Chloroplast genome structure

In this study, we completed 15 new plastid genomes of Commelinoideae taxa (Table 1). Plastid genomes have typical quadripartite structures, including LSC, SSC and two IR regions. Plastid genomes of Commelinoideae have variable total length and GC content. The LSC and SSC regions have relatively higher length and AT-content difference rather than IR region (Table 1). The functions of AT-rich sequences in the plastid genome were known as enhancing succeed of gene transfer by making stable transcripts [29]. However, AT-rich sequences caused structural variations like inversions by their weakness hydrogen bonding. In this study, we identified small to large inversions from four species (Fig. 3). There is one inversion in Murdannia edulis and Streptolirion volubile, whereas two inversions in Amischotolype hispida and Belosynapsis ciliata (Fig. 3). Inversions are known as common event of genome rearrangement and provide informative infrageneric relationships. In the previous research, inversions occurred by microhomology-driven recombination via short repeats and suggested monophyly of tribe Desmodieae in the Fabaceae [30]. Our result also suggests that both Amischotolype and Belosynapsis have two large inversions in same loci and formed a clade together which is sister to Dichorisandrinae (Fig. 5).

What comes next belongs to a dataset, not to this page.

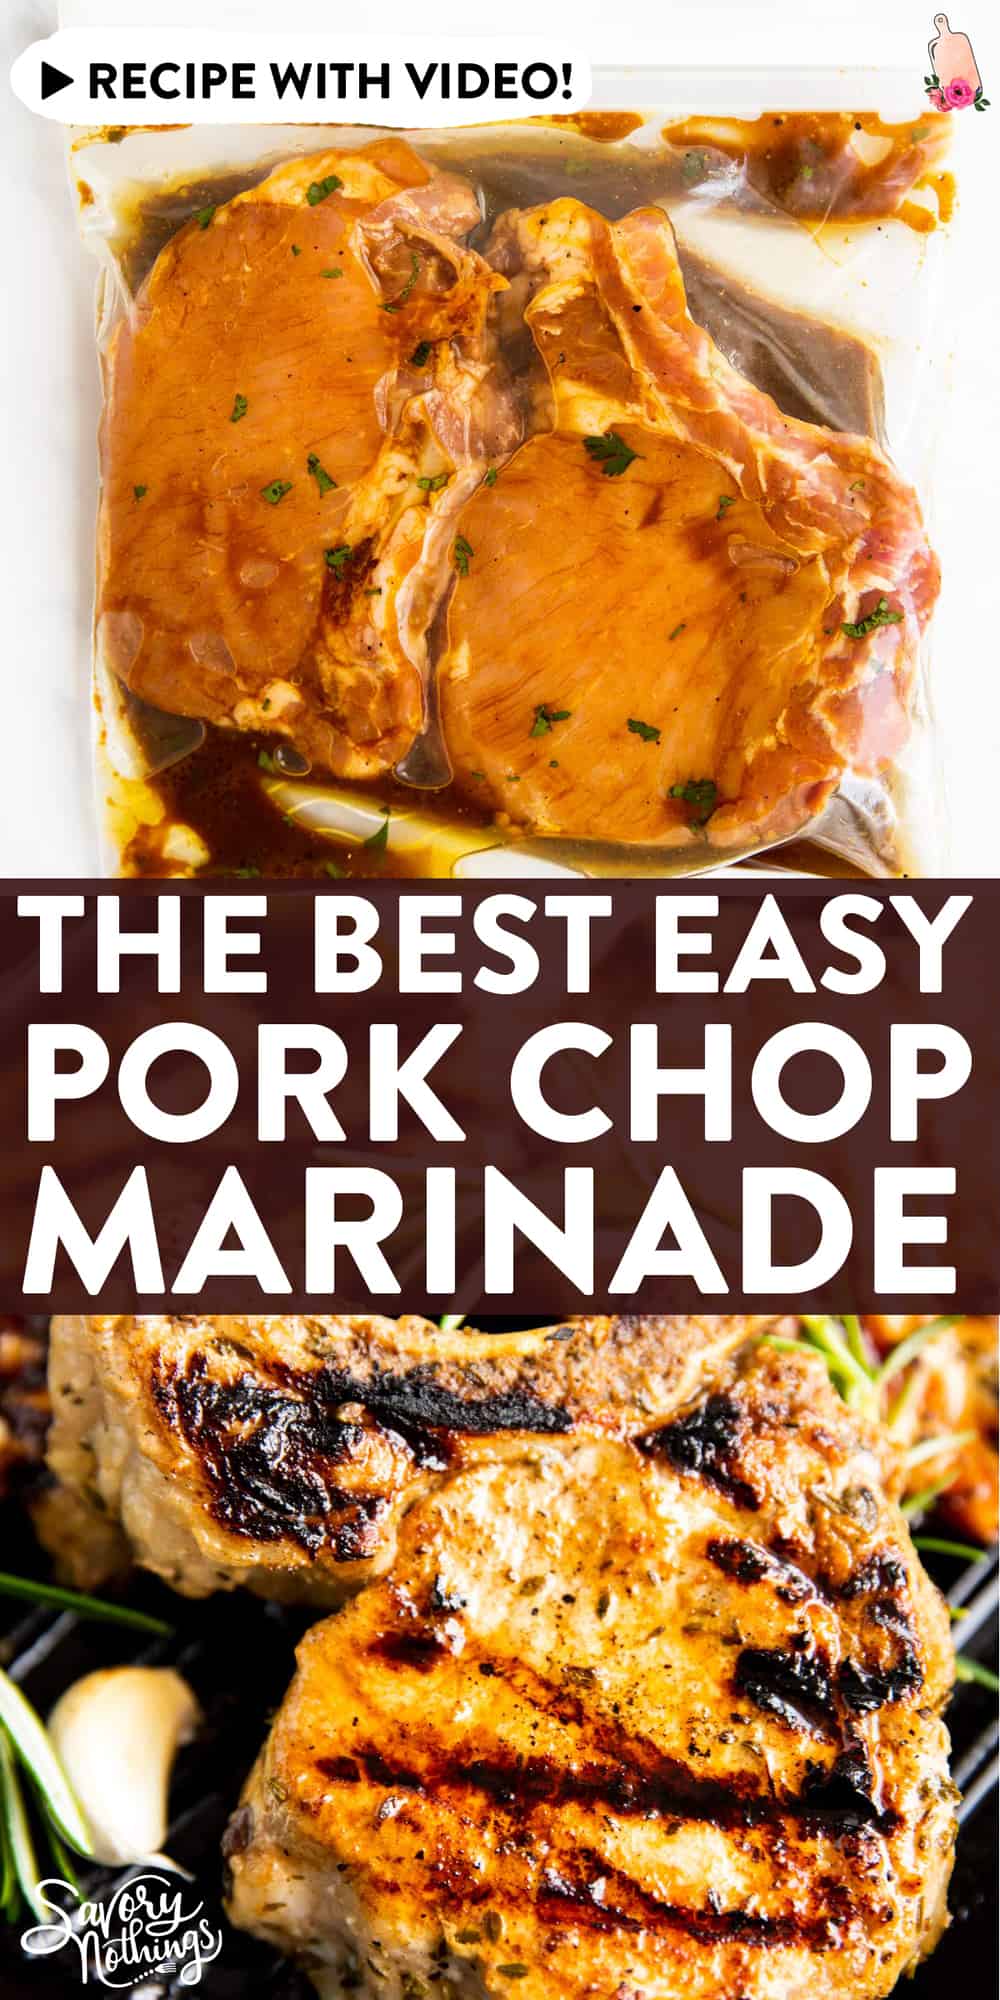 The Best Pork Chop Marinade | Savory Nothings

We identified an IR expansion in members of Commelineae (Murdannia, Commelina, Pollia, and Rhopalephora). Four species have one more rpl22 gene, which is duplicated in the terminal of IR regions (Fig. 4). Although IR expansion affected gene composition, the total length of IR region is similar among 16 Commelinoideae species. IR expansion and contraction are important events in several families. In Ranunculaceae, IR expansion was detected as a synapomorphy of the variation in tribe Anemoneae [31]. Likewise, IR expansion suggested more support for the relationship between the two subfamilies, Ehrhartoideae and Pooideae, in the Poaceae [32]. This event also may be phylogenetically informative in Commelinoideae due to only Commelineae species share this genome variation after diverged from Palisota in this study (Fig. 5).

Within Commelinoideae plastid genomes, three protein coding genes (accD, rpoA, and ycf15) were found as pseudogenes (Fig. S2). The ycf15 gene has several abnormal stop codons caused by insertions and deletions (indel) of bases, which are similar with other monocots. We also identified that all examined species have indels at the front part of accD gene (until 400 bp) and terminal part of rpoA gene (after 700 bp; Fig. S2). The accD gene, encoding the beta-carboxyl transferase subunit of acetyl-CoA carboxylase, is in most flowering plants and synthesize fatty acid within the chloroplast. It was suggested as an essential gene that related with maintaining chloroplast structure [33]. However, it was reported as a gene loss or pseudogenization in Acoraceae, and Poaceae [34, 35]. Recent studies suggested that accD gene was found in nuclear originated from chloroplasts in several eudicots [36, 37]. The rpoA gene, encoding the alpha subunit of RNA polymerase, is also in most flowering plants but recorded gene loss in the chloroplast genome of mosses [38]. One of species, Physcomitrella patens (Funariaceae), rpoA gene has transferred to the nuclear [39]. We need a further study whether these two genes transferred to the nuclear or not in the Commelinaceae. We identified that these pseudogened accD and rpoA only appeared in the Commelinoideae among the Commelinales. It might be a specific character of gene composition in the Commelinales. We also found point mutated base in the third codon of ndhB gene in both Pollia japonica and Rhopalephora scaberrima, which formed a clade together in this study (Fig. 5).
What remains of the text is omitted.